To solve the problem, we need to find the ratio of amplitudes of light waves when the ratio of intensities at the position of maxima and minima is given as 9:1 in Young's double slit experiment. ### Step-by-Step Solution: 1. **Understand the relationship between intensity and amplitude**: The intensity (I) of a wave is proportional to the square of its amplitude (A).
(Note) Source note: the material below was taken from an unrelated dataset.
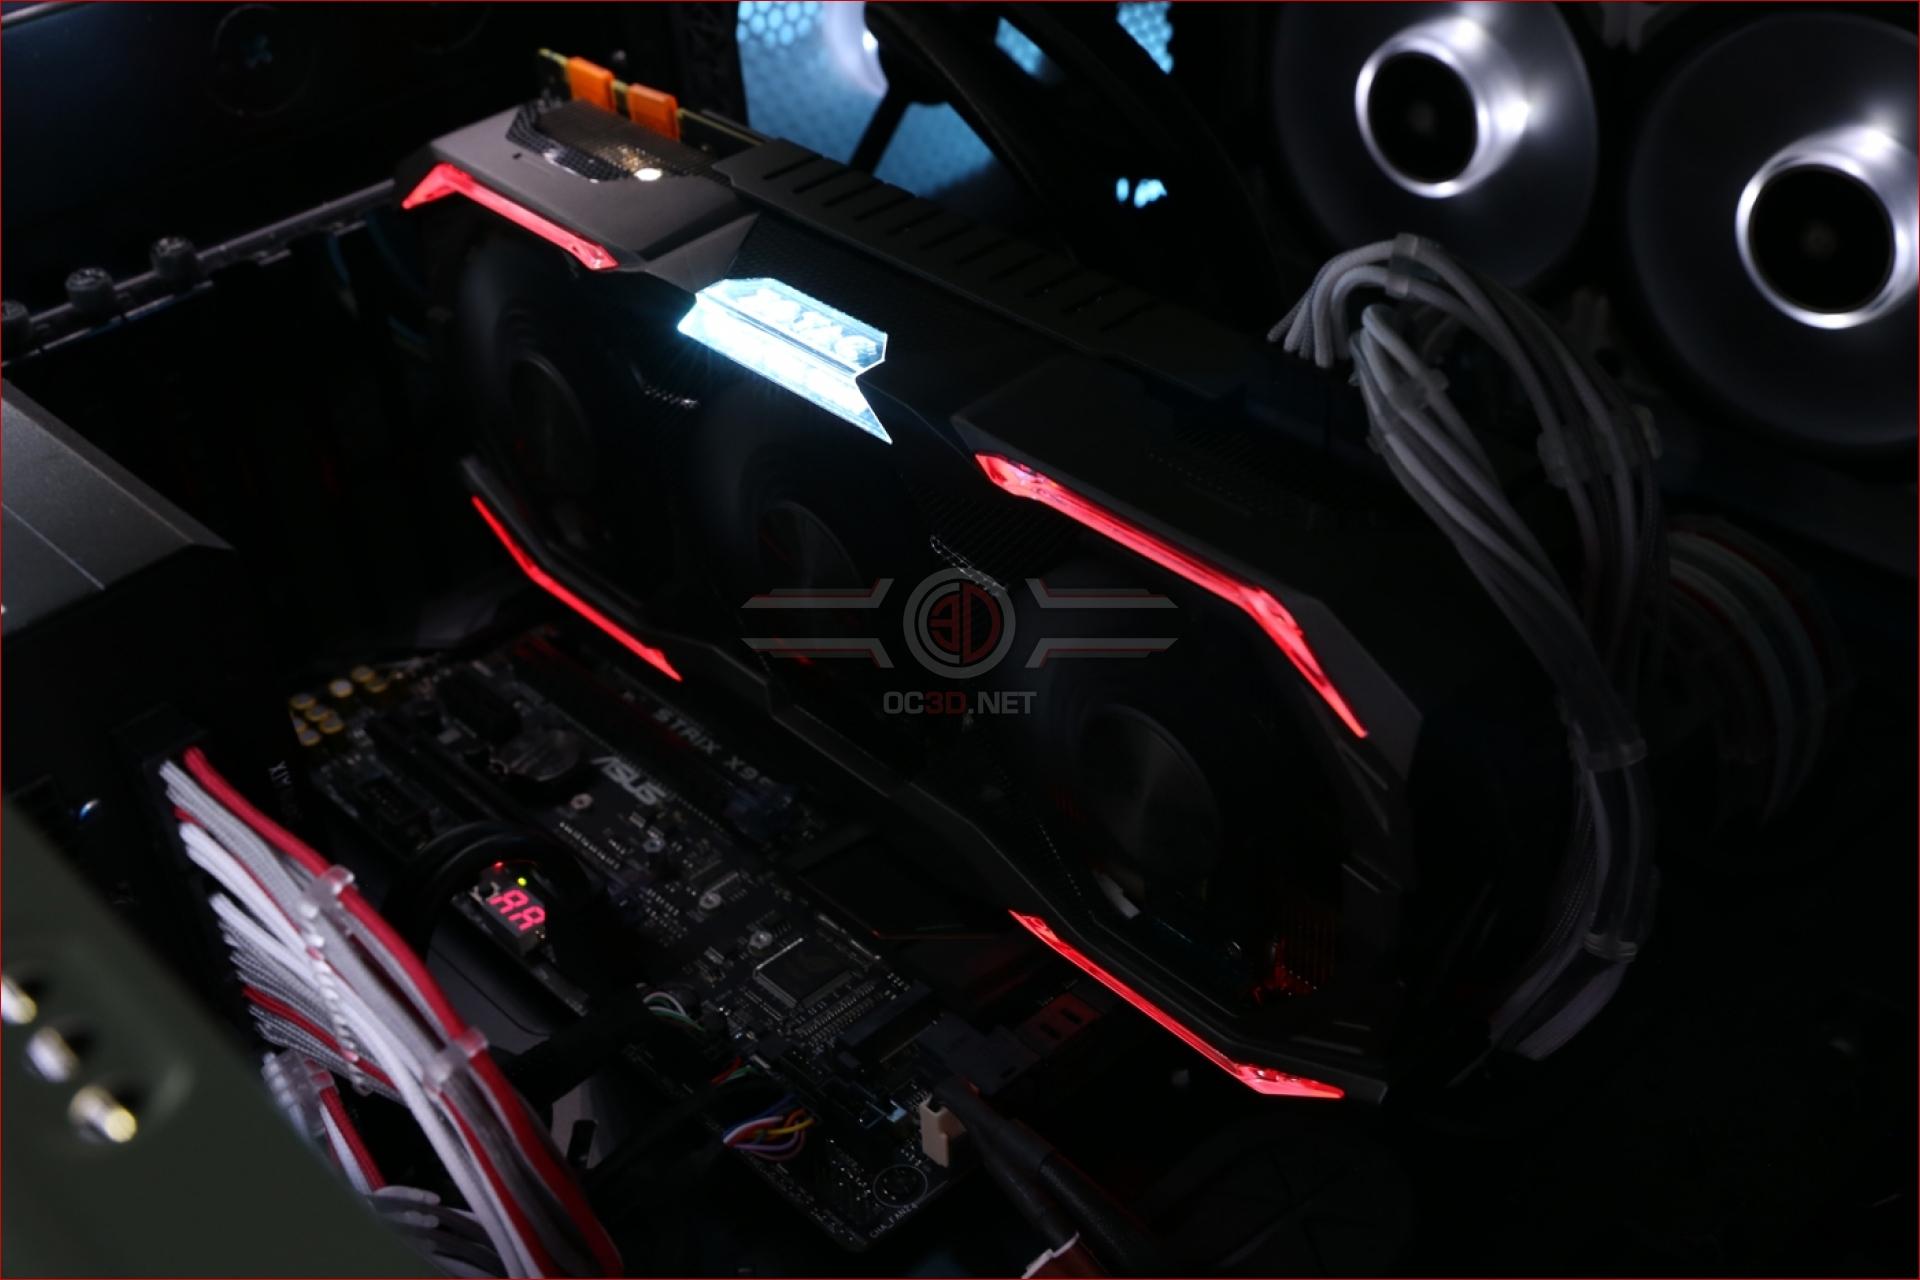 Zotac GTX 1070 Ti AMP! Extreme Review | Lighting | GPU & Displays

This can be expressed as: \[ I \propto A^2 \] 2. **Set up the equations for maxima and minima**: In Young's double slit experiment: - The intensity at maxima (\(I_{max}\)) is given by: \[ I_{max} = (A_1 + A_2)^2 \] - The intensity at minima (\(I_{min}\)) is given by: \[ I_{min} = (A_1 - A_2)^2 \] 3. **Write the ratio of intensities**: We are given that: \[ \frac{I_{max}}{I_{min}} = \frac{9}{1} \] 4. **Substitute the expressions for intensities**: Substituting the expressions for \(I_{max}\) and \(I_{min}\) into the ratio gives: \[ \frac{(A_1 + A_2)^2}{(A_1 - A_2)^2} = \frac{9}{1} \] 5. **Cross-multiply to eliminate the fraction**: This leads to: \[ (A_1 + A_2)^2 = 9(A_1 - A_2)^2 \] 6. **Take the square root of both sides**: Taking the square root gives: \[ \frac{A_1 + A_2}{A_1 - A_2} = 3 \] 7. **Cross-multiply again**: Cross-multiplying gives: \[ A_1 + A_2 = 3(A_1 - A_2) \] 8. **Expand and rearrange**: Expanding the right side: \[ A_1 + A_2 = 3A_1 - 3A_2 \] Rearranging terms gives: \[ A_1 + A_2 + 3A_2 = 3A_1 \] \[ 4A_2 = 2A_1 \] 9. **Solve for the ratio of amplitudes**: Dividing both sides by \(2A_1\) gives: \[ \frac{A_1}{A_2} = \frac{4}{2} = 2 \] Thus, the ratio of amplitudes is: \[ \frac{A_1}{A_2} = 2:1 \] ### Final Answer: The ratio of amplitudes of the light waves is \(2:1\).